*EXERCISE DETAILS*:
Return the listing below unchanged, except that the pictures are dropped.

*COLLECTED MATERIAL*:

▼

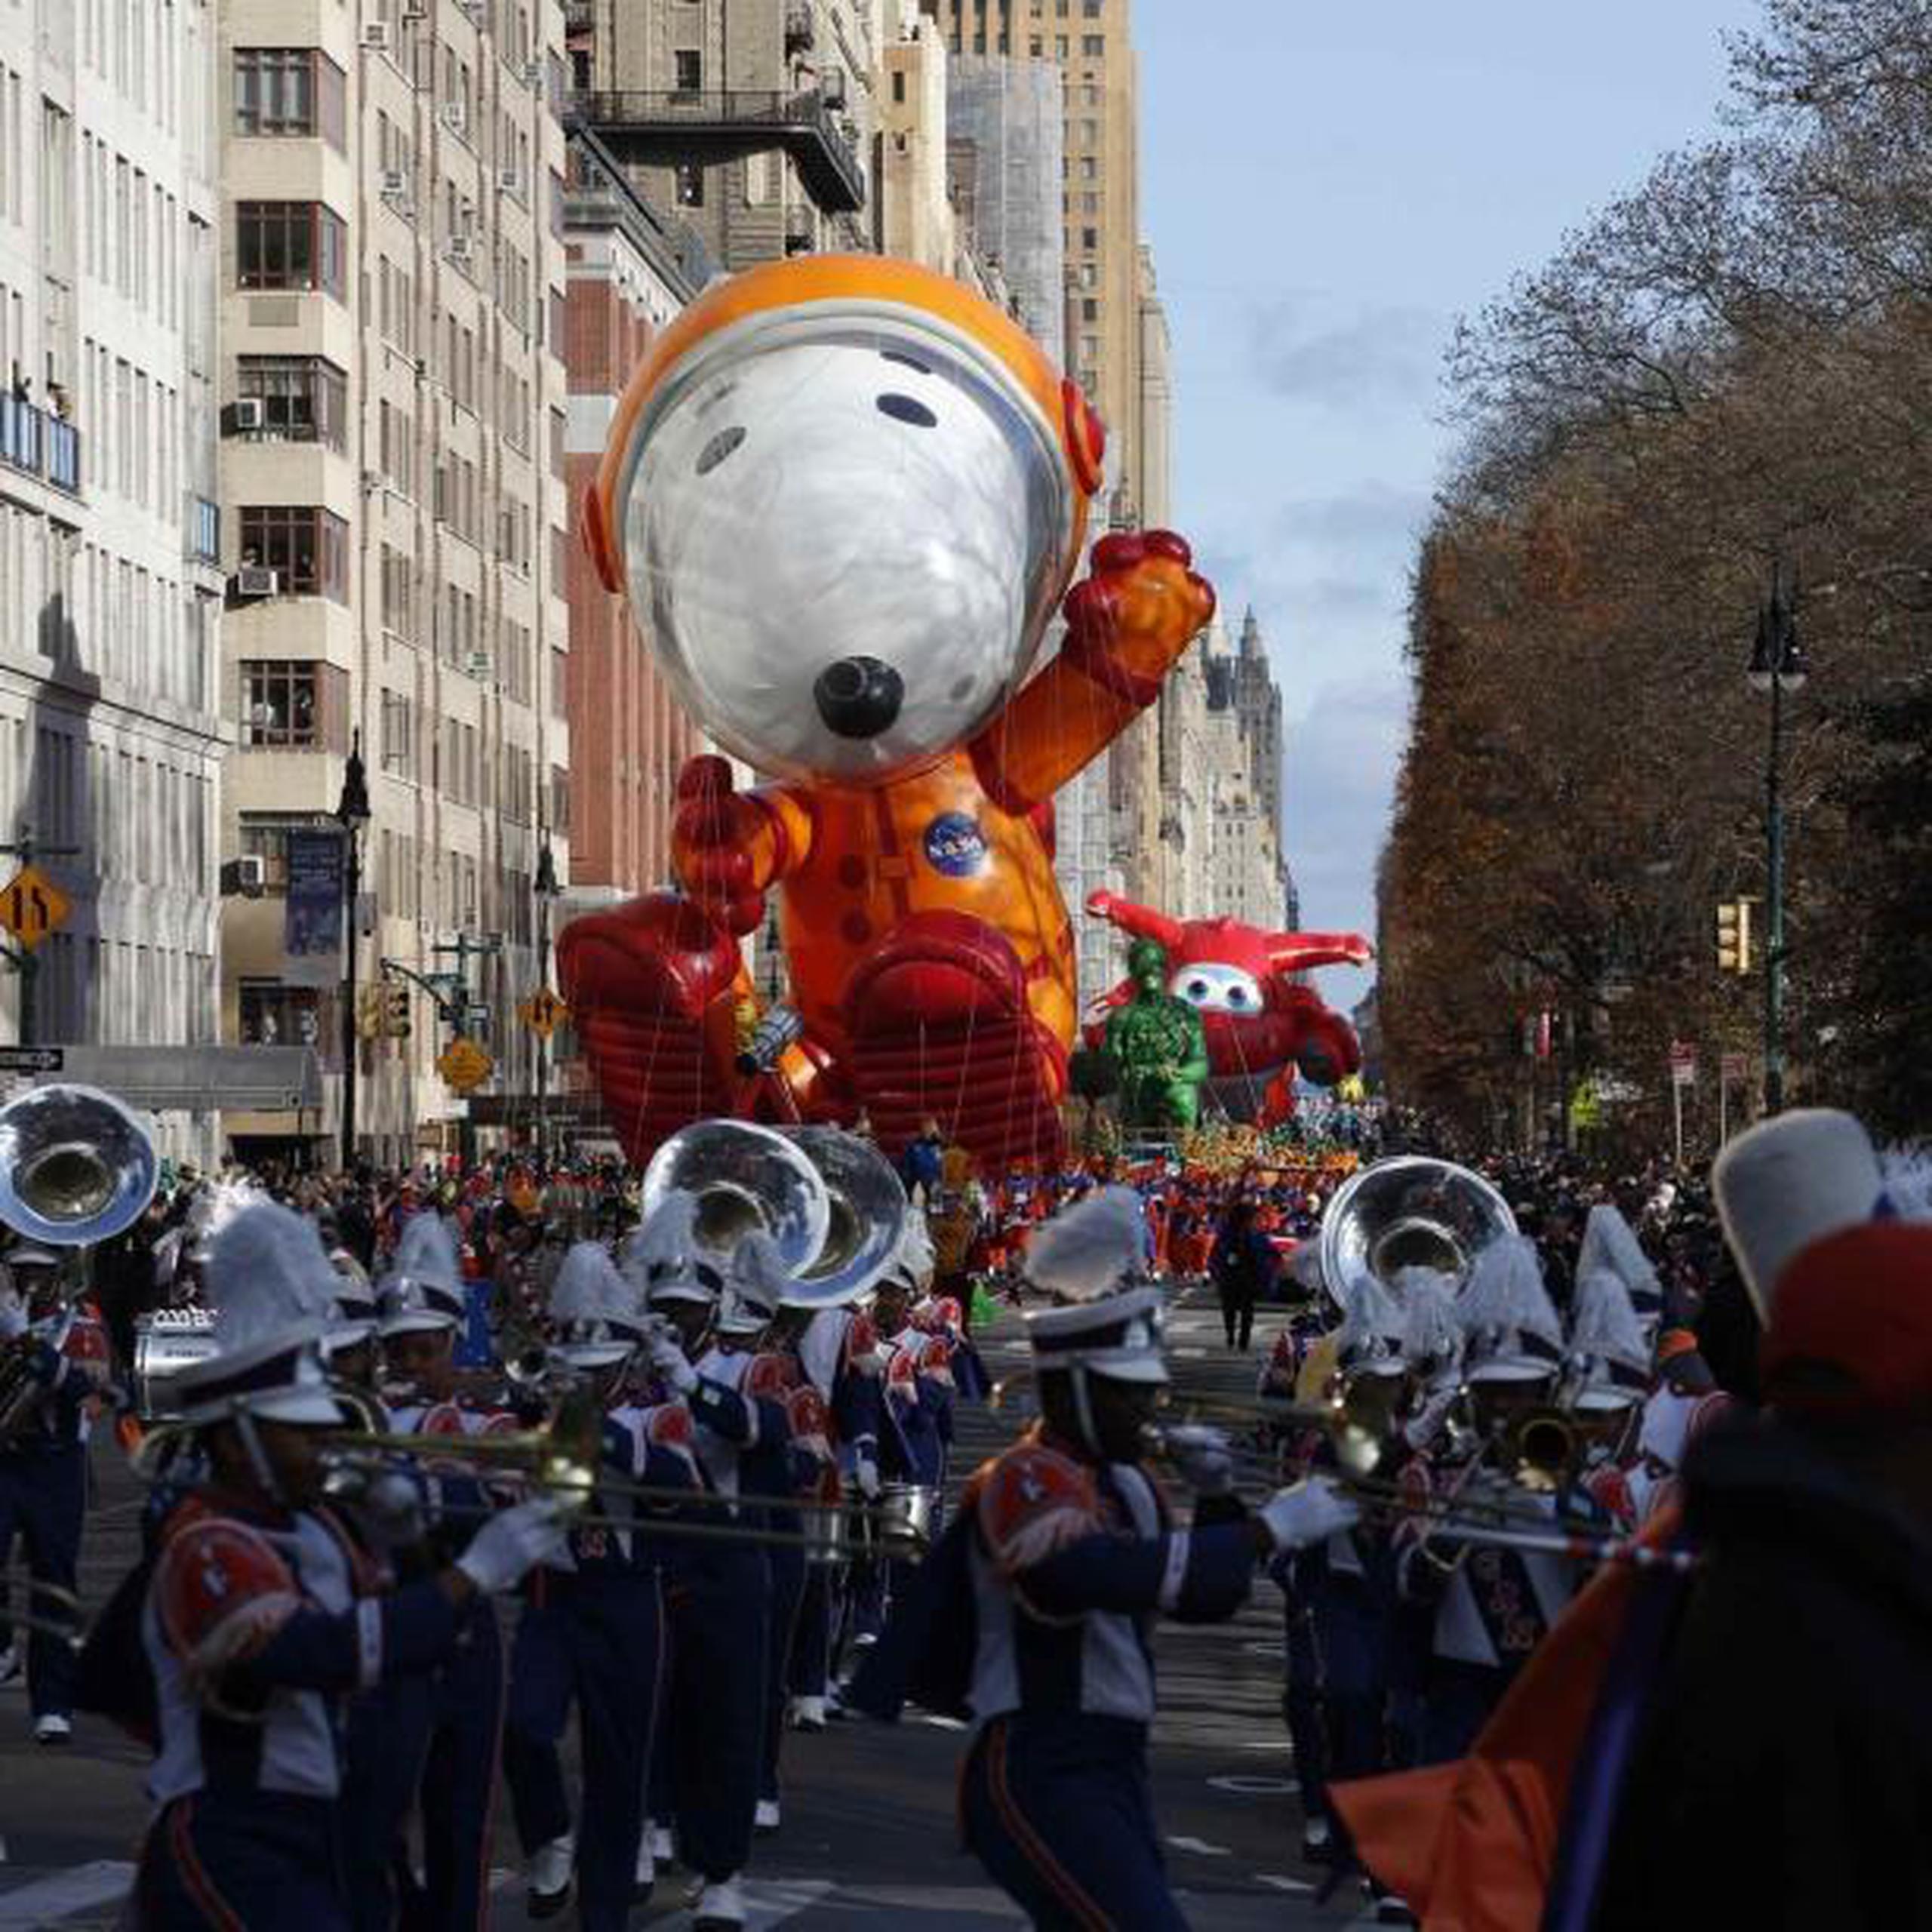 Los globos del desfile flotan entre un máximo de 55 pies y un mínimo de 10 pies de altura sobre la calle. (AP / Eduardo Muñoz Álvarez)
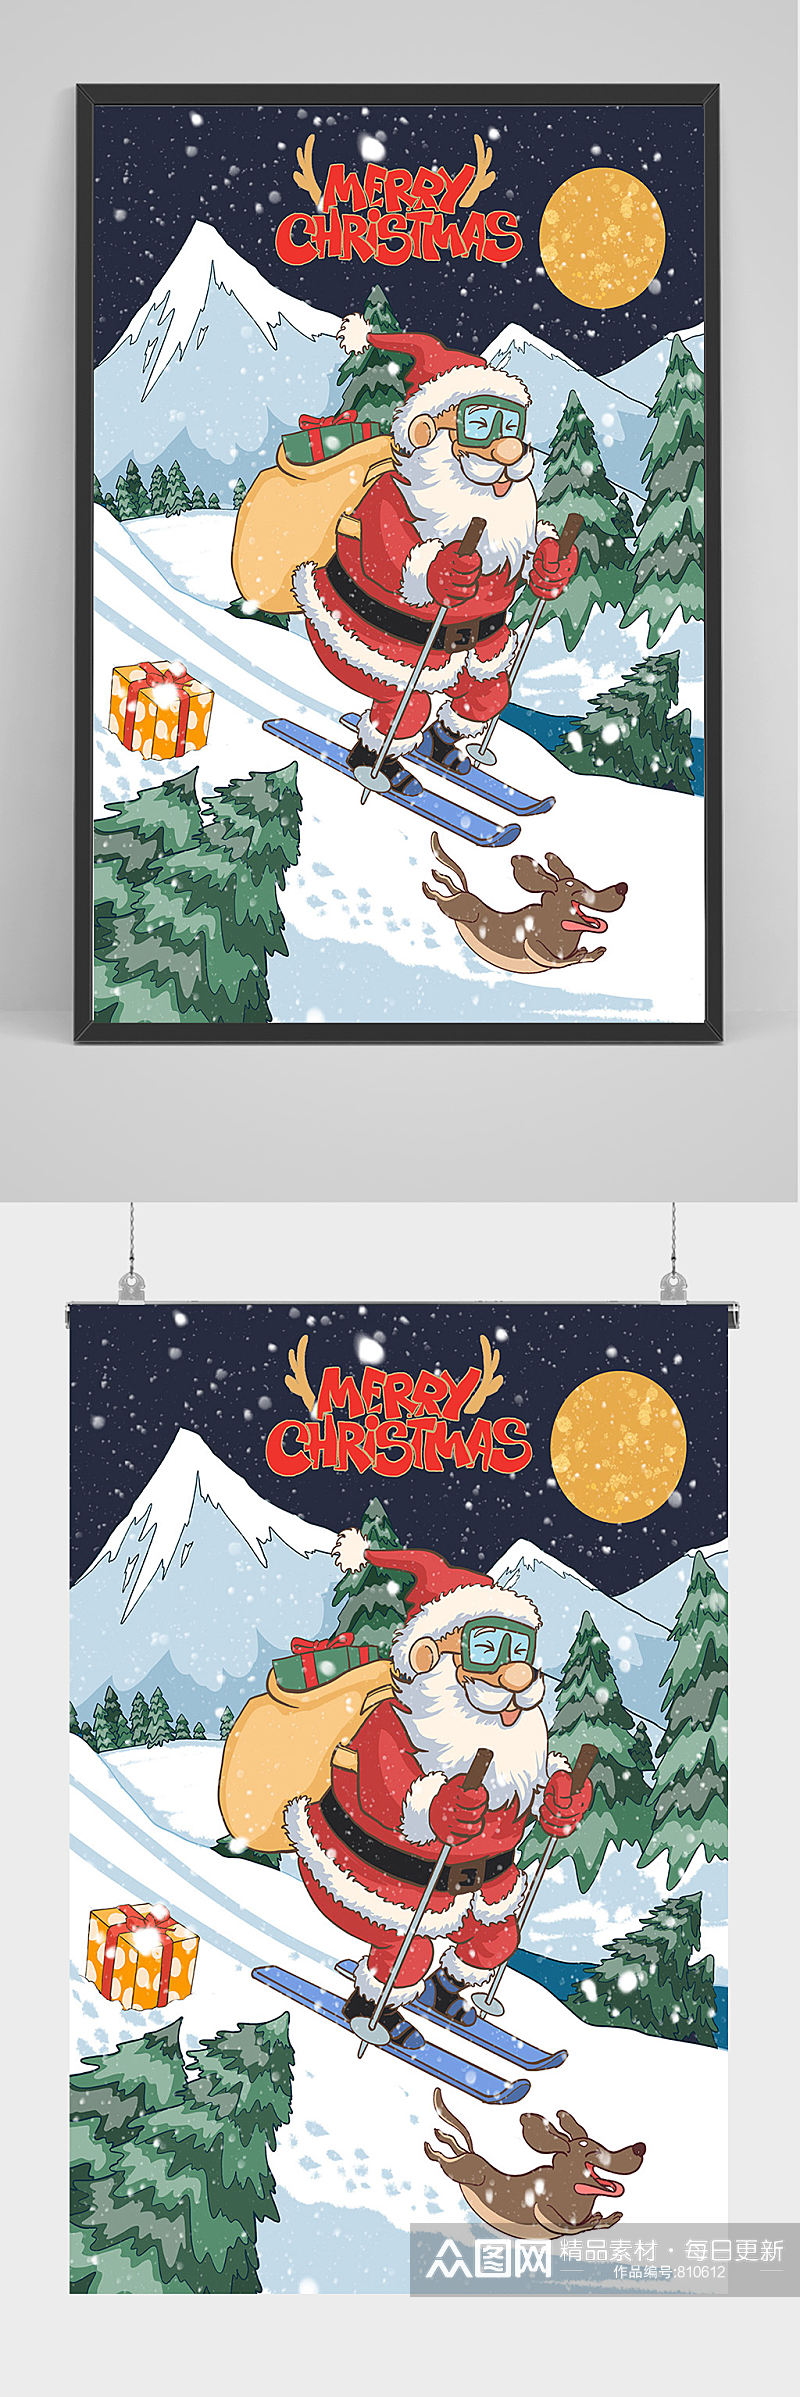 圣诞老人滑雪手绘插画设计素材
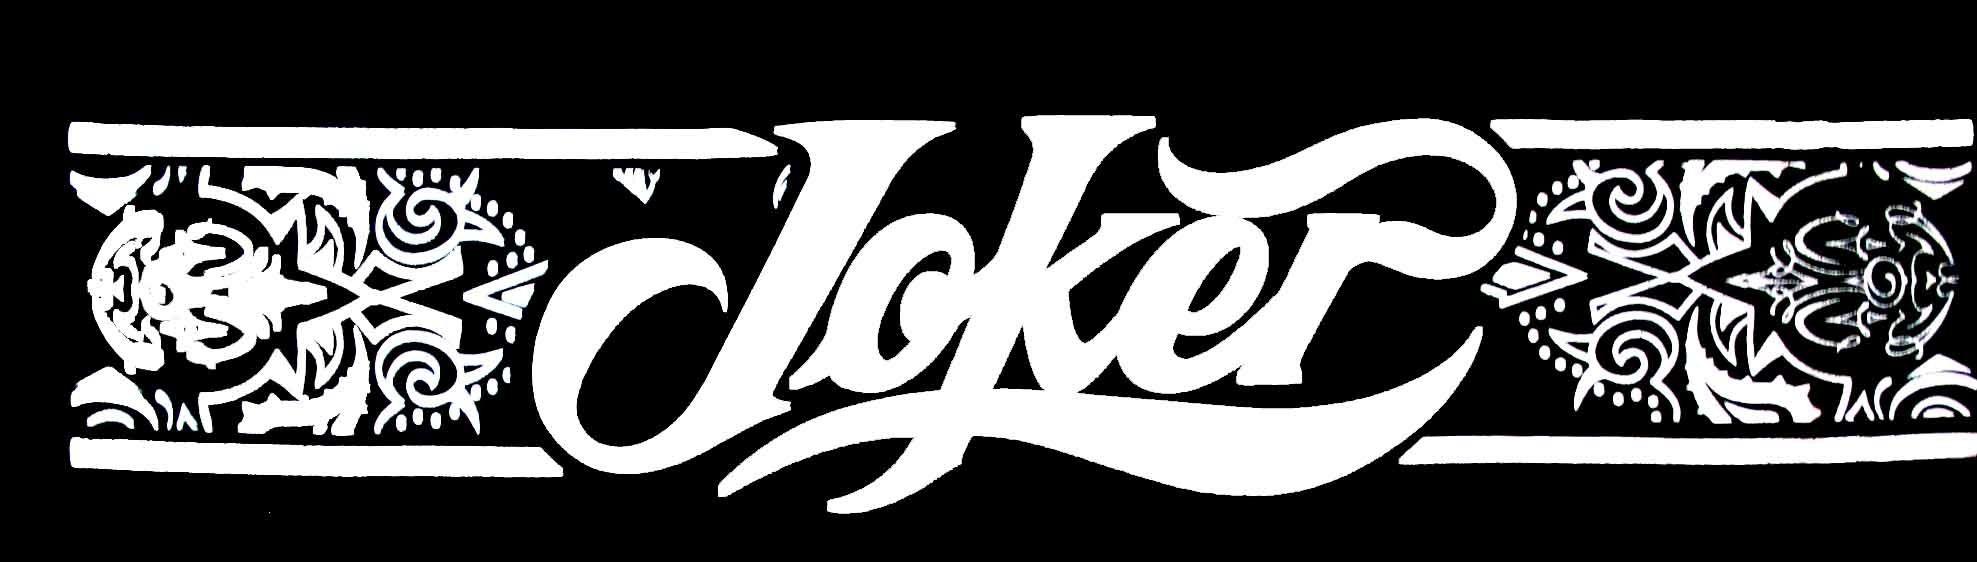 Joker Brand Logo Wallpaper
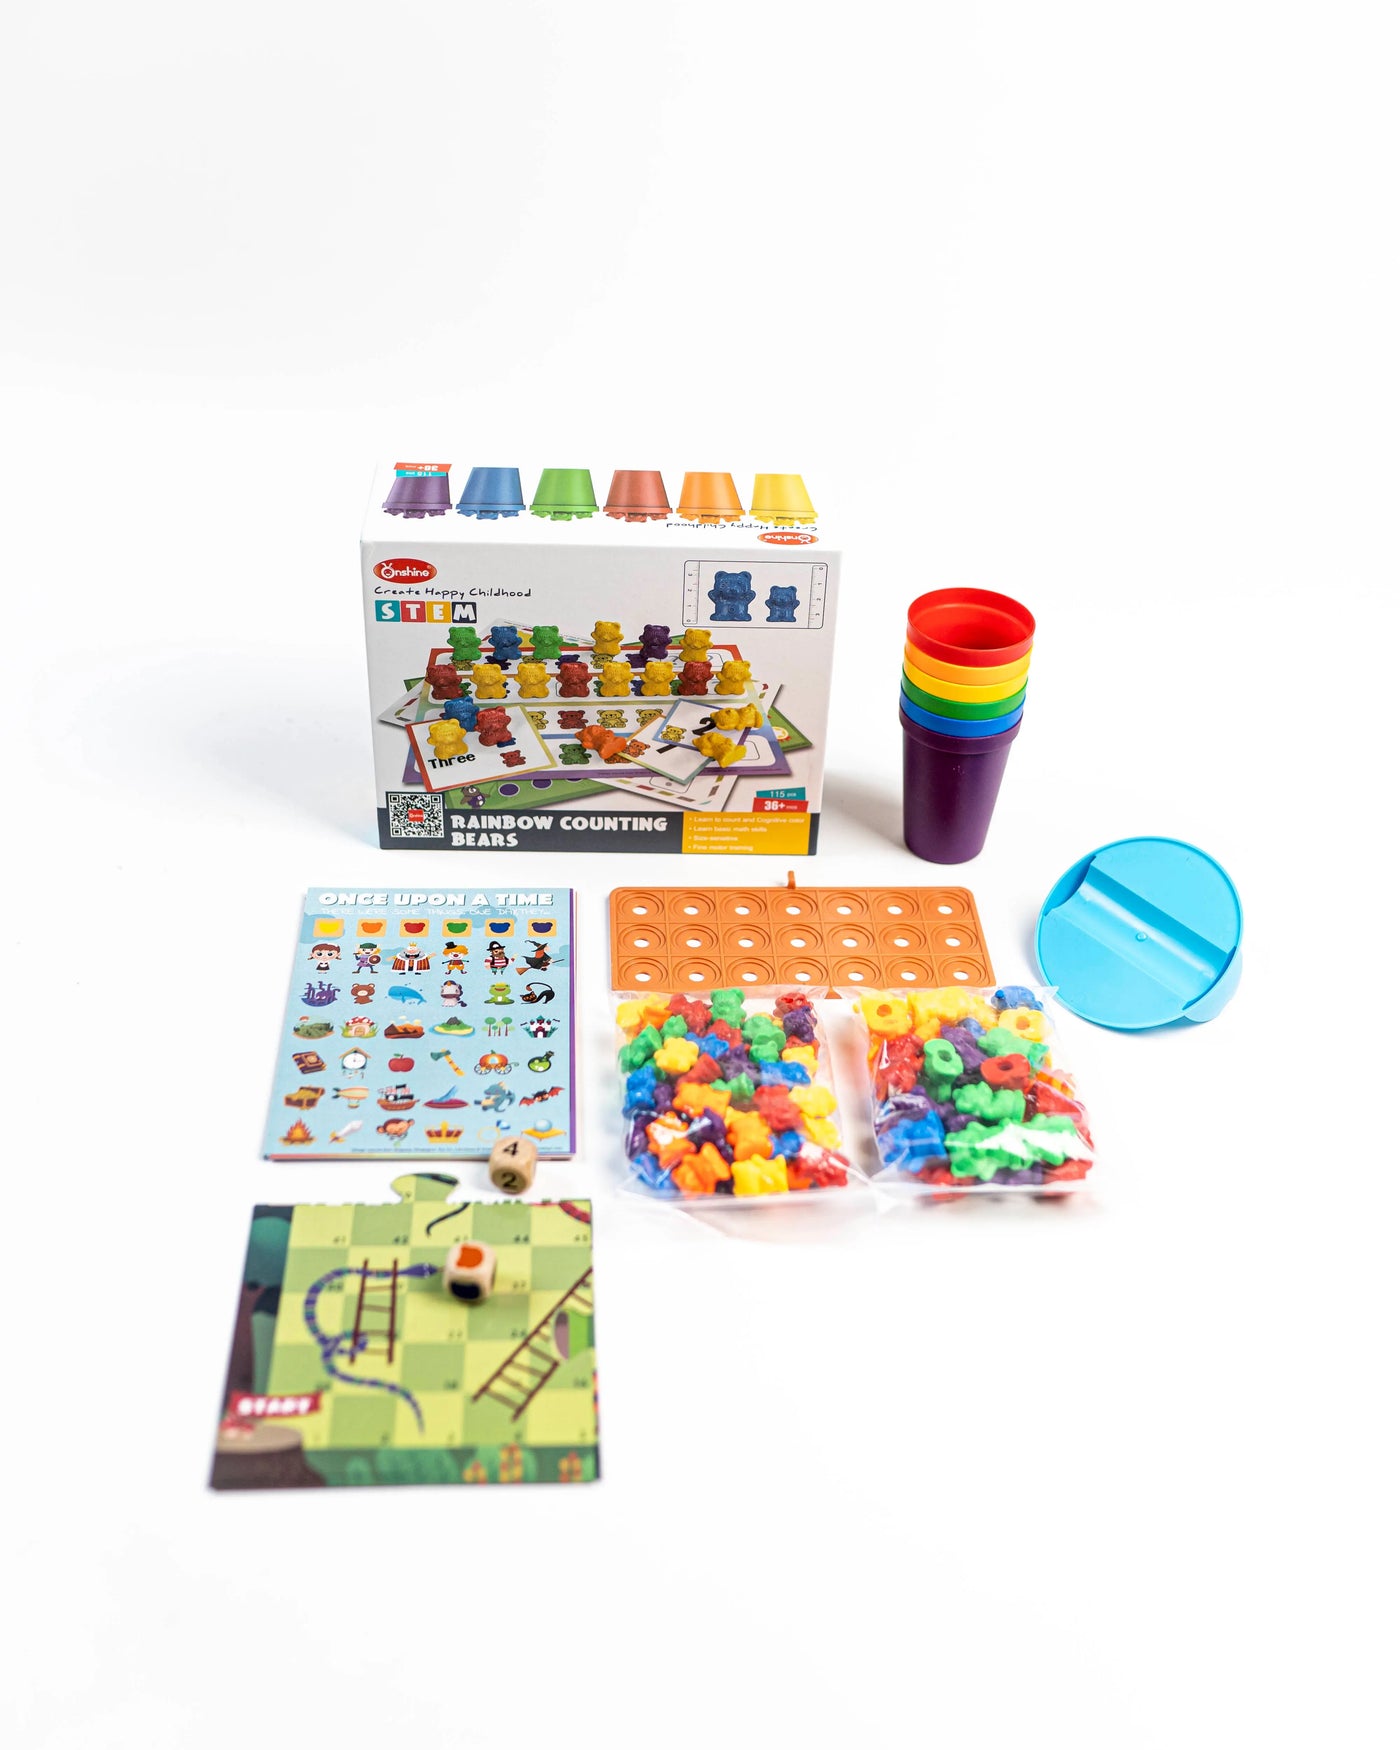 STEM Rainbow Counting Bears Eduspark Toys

▲

*ANSWER TO THE PROBLEM*:
 Los globos del desfile flotan entre un máximo de 55 pies y un mínimo de 10 pies de altura sobre la calle. (AP / Eduardo Muñoz Álvarez)
 圣诞老人滑雪手绘插画设计素材
 Joker Brand Logo Wallpaper
 STEM Rainbow Counting Bears Eduspark Toys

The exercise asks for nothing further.